The King of Carnaby Street | Mod Man : Part II

A few more photos of my most recent guru and inspiration, Mr. John Stephen: The King of Carnaby Street. The first image shows him in his trademark Rolls Royce. Such style! The car is a dazzler, but the boy's pants on the right may be even better.




Sunday, January 21, 2007

A Pair of Scissors

The beginning steps of my scissor collection have been walked. These two antique beauties are a gift from Anna for Christmas and I absolutely love them!

Friday, January 19, 2007

A Pair of Thimbles

Two leather thimbles I made for the sake of protecting my pusher finger while making coats with the opera. The first one wore through quickly, so I needed to make another. The purple thread is the same thread used on Giovanni's skirted overcoat seen in Act II, the leather scraps were from Leporello's topcoat.

Monday, January 15, 2007

Don Giovanni's Room

Simultaneously sewing costumes for the Seattle Opera's production of Don Giovanni and reading James Baldwin's Giovanni's Room made me realize that the production's visual rendering of Giovanni nearly exactly matches the description Baldwin uses to paint a picture of the young men of 1950s French gay nightlife.

"It glittered in the dim light; the thin, black hair was violent with oil, combed forward, hanging in bangs; the eyelids gleamed with mascara, the mouth raged with lipstick. The face was white and thoroughly bloodless with some sort of foundation cream; it stank of powder and a gardenia-like perfume. The shirt, open coquettishly to the navel, revealed a hairless chest and a silver crucifix...A red sash was around the waist, the clinging pants were a surprising sombre grey. He wore buckles on his shoes." -James Baldwin, Giovanni's Room

The only difference I can find comes by way of the chest hair. Our gold Giovanni has his share; our silver, not so much.

Sunday, January 14, 2007

For P.S.D.


The most perfect christmas gift from Anna arrived in the form of a beautiful antique belt buckle: sterling silver, hand-made, and cast from the back side of a woman's hair brush. I adore it, and am left wondering what compelled the artist to cast that particular brush. Was it the brush of their mother? A last ditch attempt to find something pretty and complete an assignment for art school?

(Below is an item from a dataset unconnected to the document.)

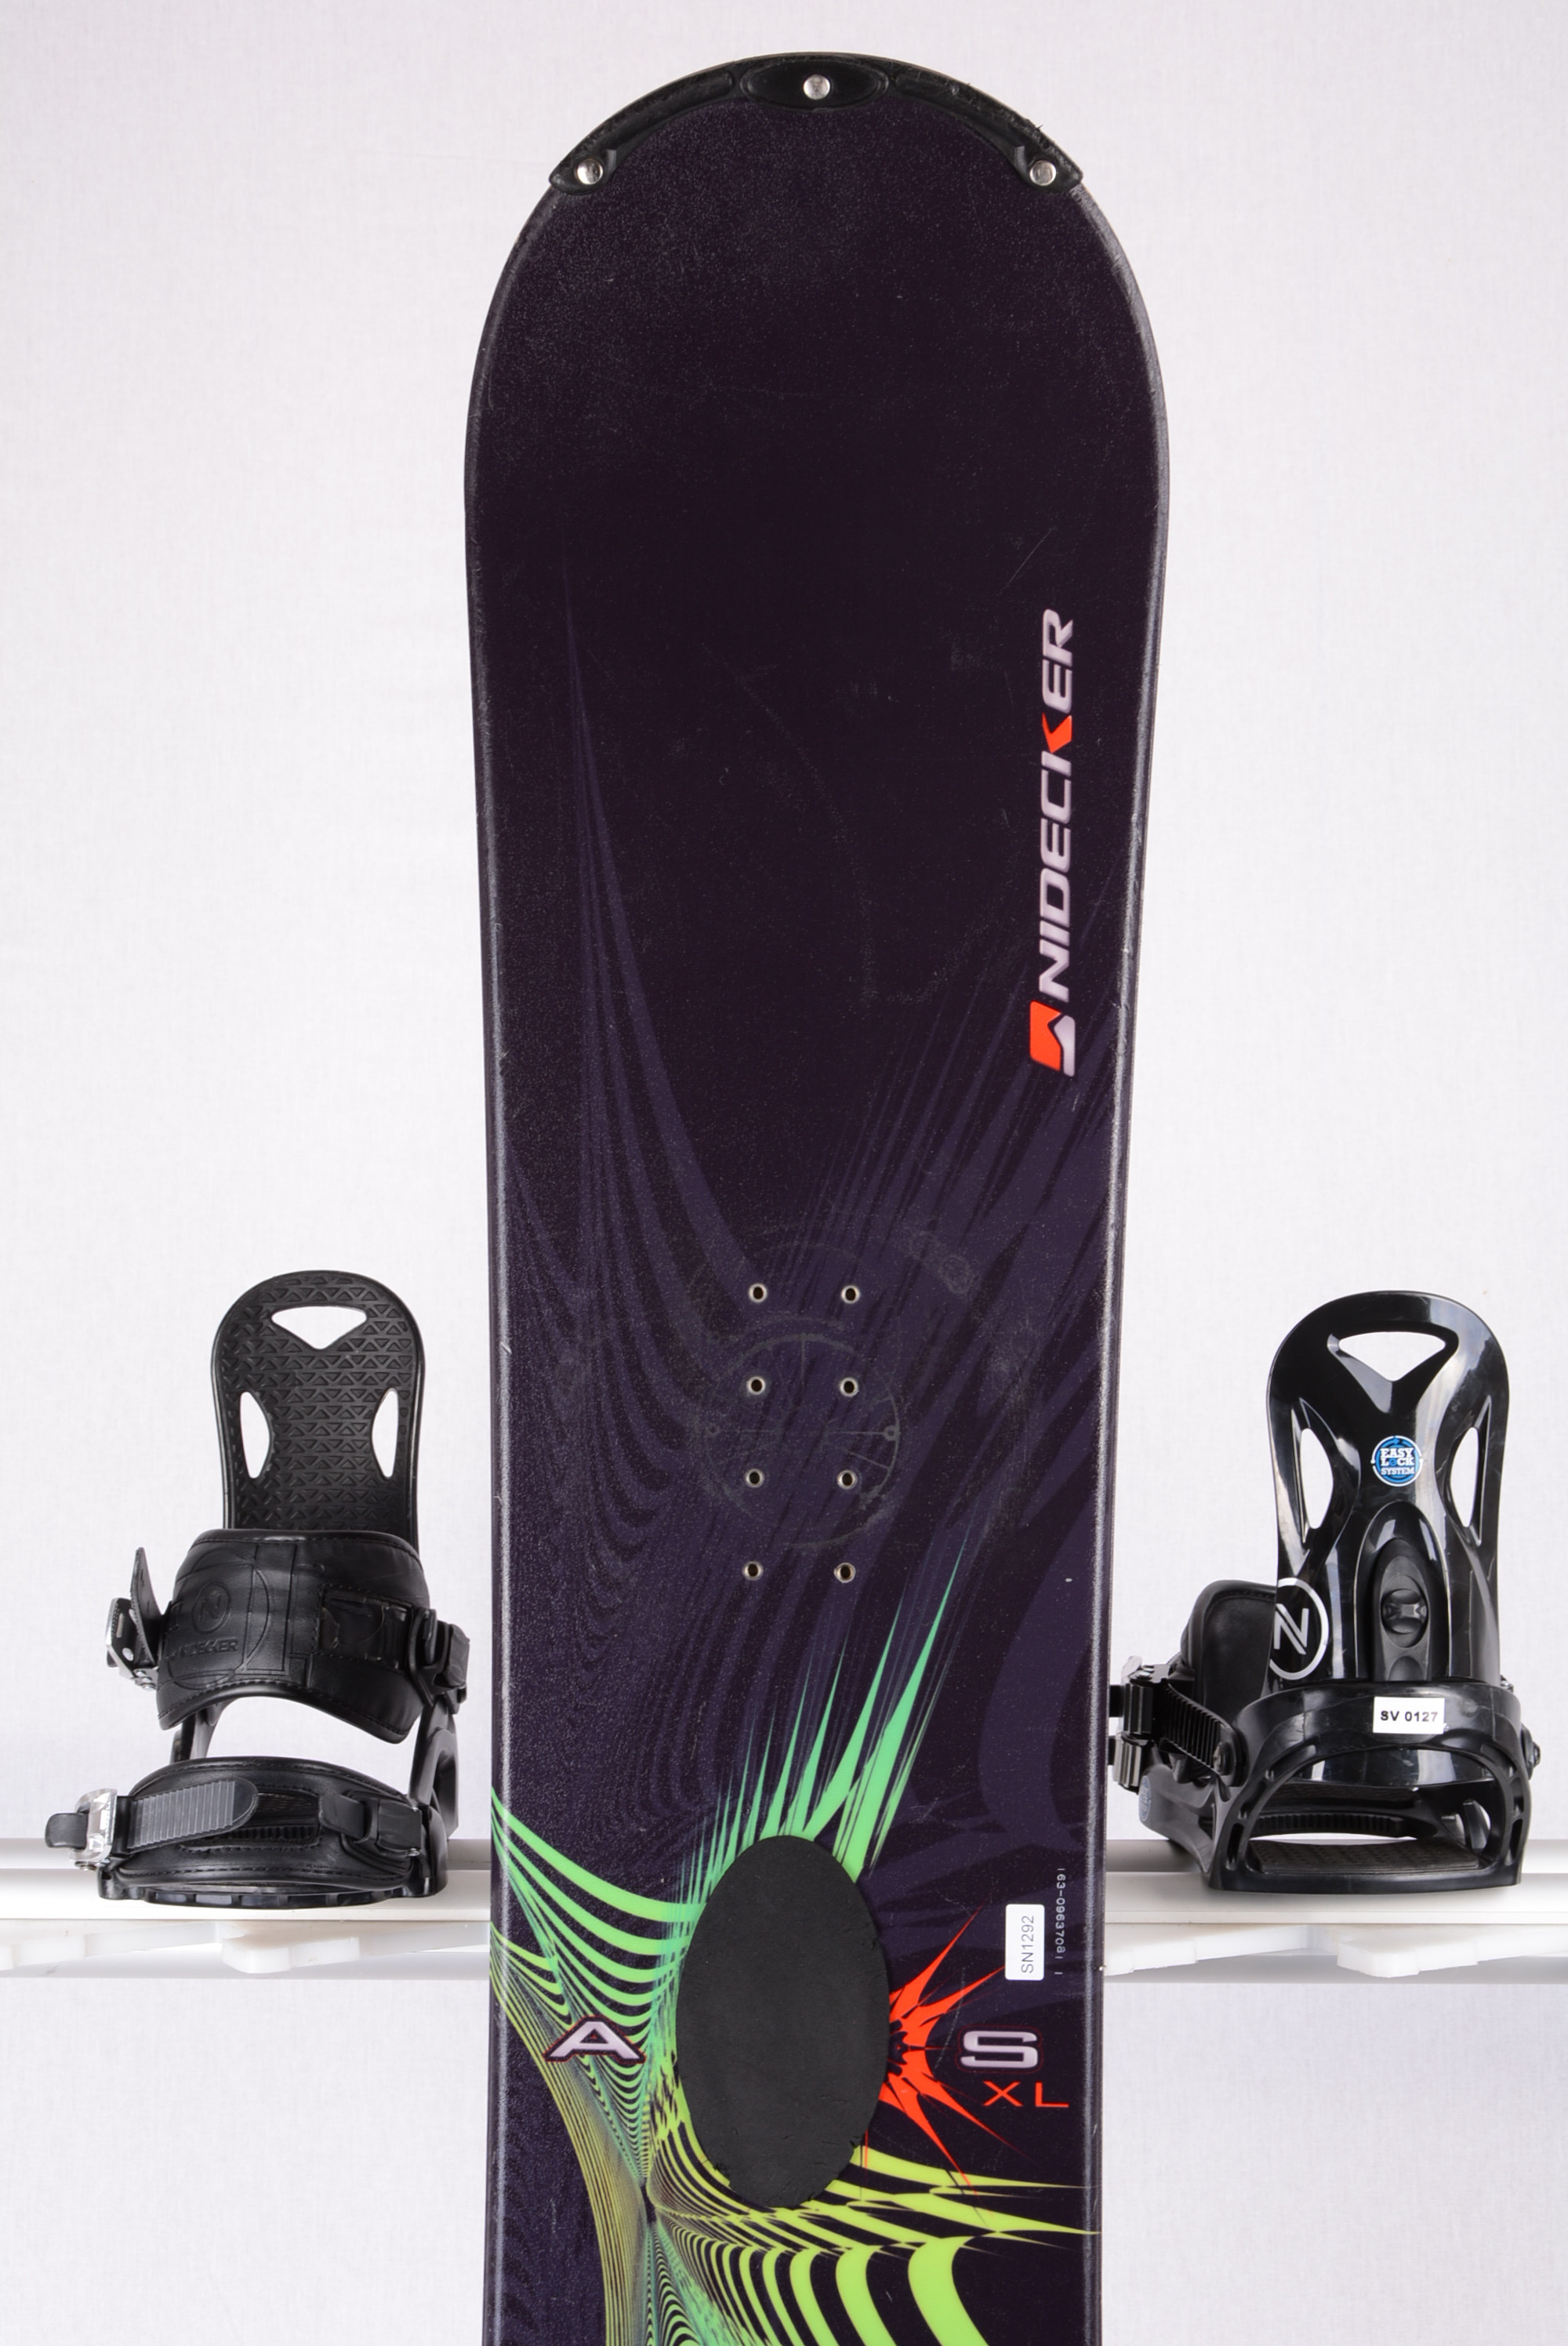 salami schudden verslag doen van snowboard NIDECKER AXIS, BLACK/blue, SWISS made, WOODCORE, sidewall, CAMBER  - Mardosport.ch

Whatever the reason, this is a gem.

Monday, January 01, 2007

An Honest Appraisal | The Boldest of Them All

The pragmatism in Marty's stylistic flair wins again. Anyone bold enough to ride his moto in a skirt deserves the utmost respect from us all. What I like most is that he was wearing a skirt long before I ever had him do it on the runway. Enjoy a first hand look at the heroism here.